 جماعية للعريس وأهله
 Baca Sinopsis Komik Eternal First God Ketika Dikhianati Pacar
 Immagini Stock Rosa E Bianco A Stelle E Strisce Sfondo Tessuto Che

**Exercise brief:** Emit the full listing verbatim.

**Task response:**
 جماعية للعريس وأهله
 Baca Sinopsis Komik Eternal First God Ketika Dikhianati Pacar
 Immagini Stock Rosa E Bianco A Stelle E Strisce Sfondo Tessuto Che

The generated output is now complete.